Maximum Inner Product Search (MIPS)
The core algorithmic task that makes bi-encoders practical. Once a query is encoded, MIPS finds the document vector with the highest dot product without scanning the entire index. This is what separates the bi-encoder's offline indexing advantage from a cross-encoder's exhaustive approach. Efficient MIPS is the reason bi-encoders scale to billion-document corpora.
Contrastive Loss
The training objective that teaches a bi-encoder to structure its embedding space. It operates on paired examples, pulling a query and its relevant passage together while pushing irrelevant passages apart. Variants include:
- Triplet Loss: Uses an anchor, positive, and negative
- InfoNCE Loss: A multi-class formulation using in-batch negatives
- Multiple Negatives Ranking Loss: Optimizes for the correct pair among many negatives
Cross-Encoder Distillation
A training strategy that transfers knowledge from a computationally expensive cross-encoder to a fast bi-encoder. The cross-encoder scores query-document pairs with full attention, producing highly accurate relevance labels. The bi-encoder is then trained to mimic these scores, achieving near cross-encoder accuracy with bi-encoder speed. This is the primary method for building state-of-the-art retrievers.
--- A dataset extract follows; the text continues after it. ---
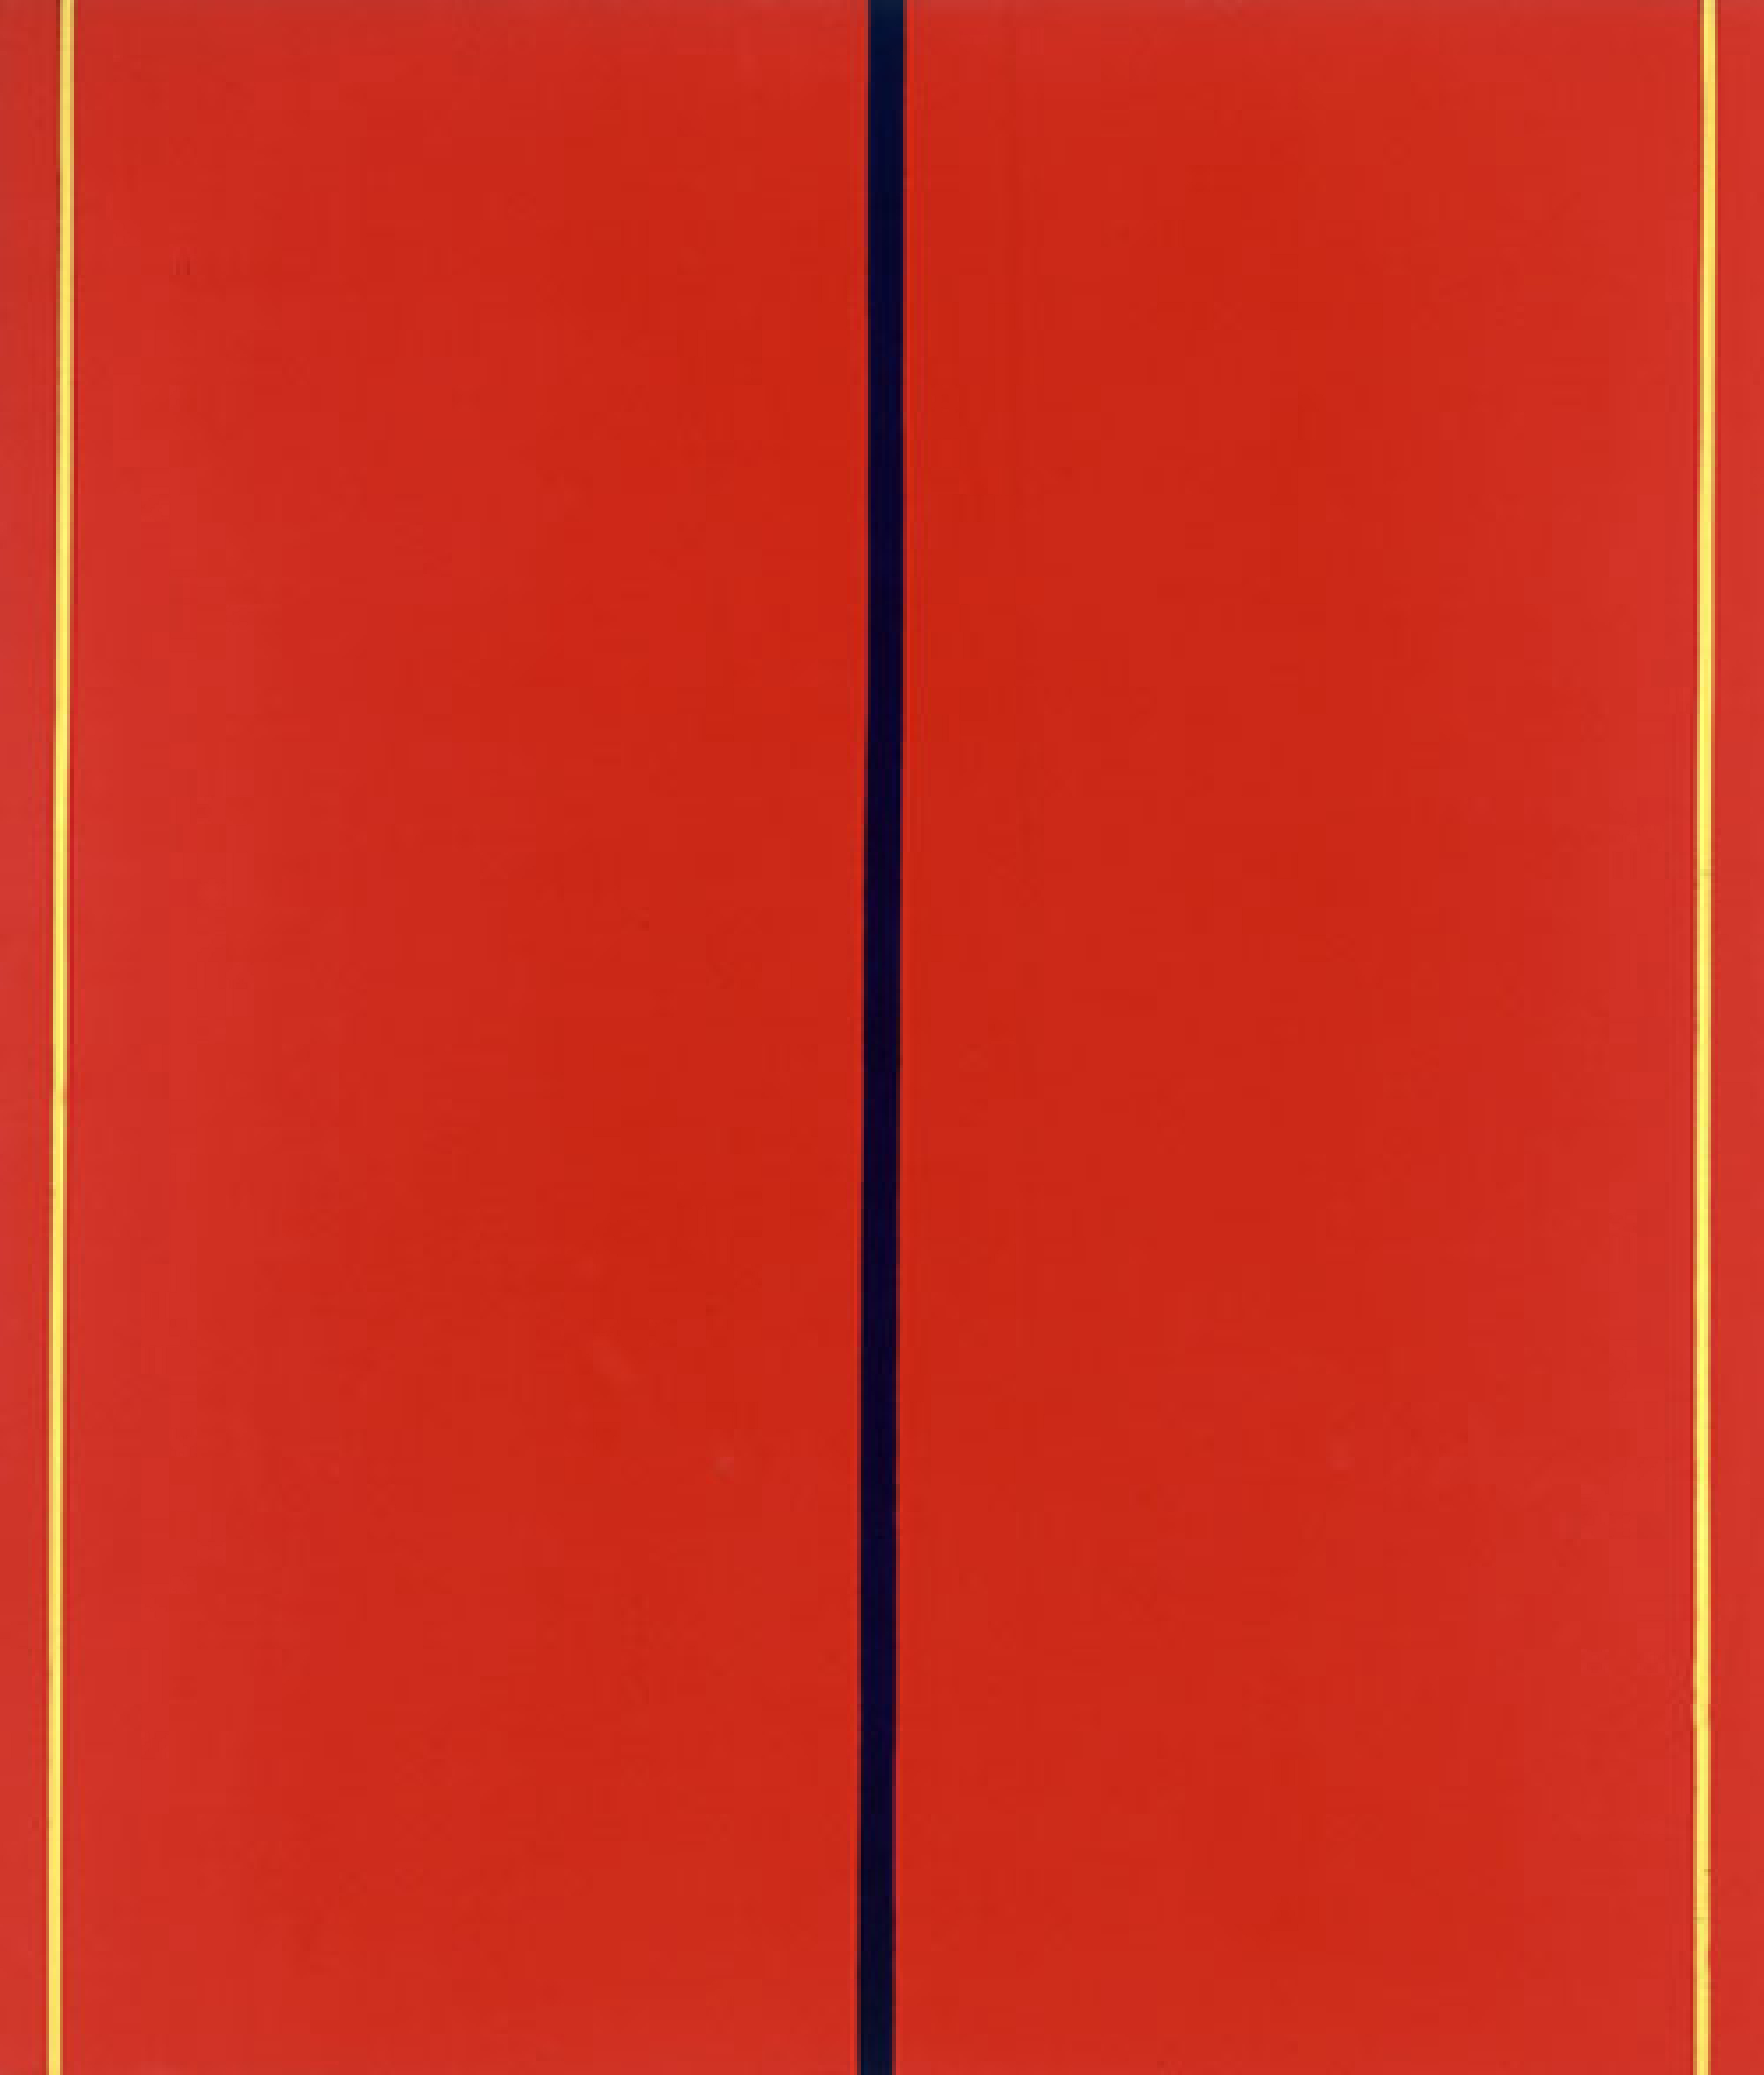 Who’s Afraid of Red, Yellow and Blue II, 1967, Oil on canvas 304.8 x 259.1 cm .6235Ko/181,6Mo

Approximate Nearest Neighbor (ANN)
The class of algorithms that make vector search tractable at scale. Rather than exact nearest neighbor search—which is O(N) in complexity—ANN trades a small accuracy loss for orders-of-magnitude speedups. Key algorithms include HNSW (graph-based), IVF (clustering-based), and PQ (compression-based). Libraries like FAISS and ScaNN provide production-ready implementations.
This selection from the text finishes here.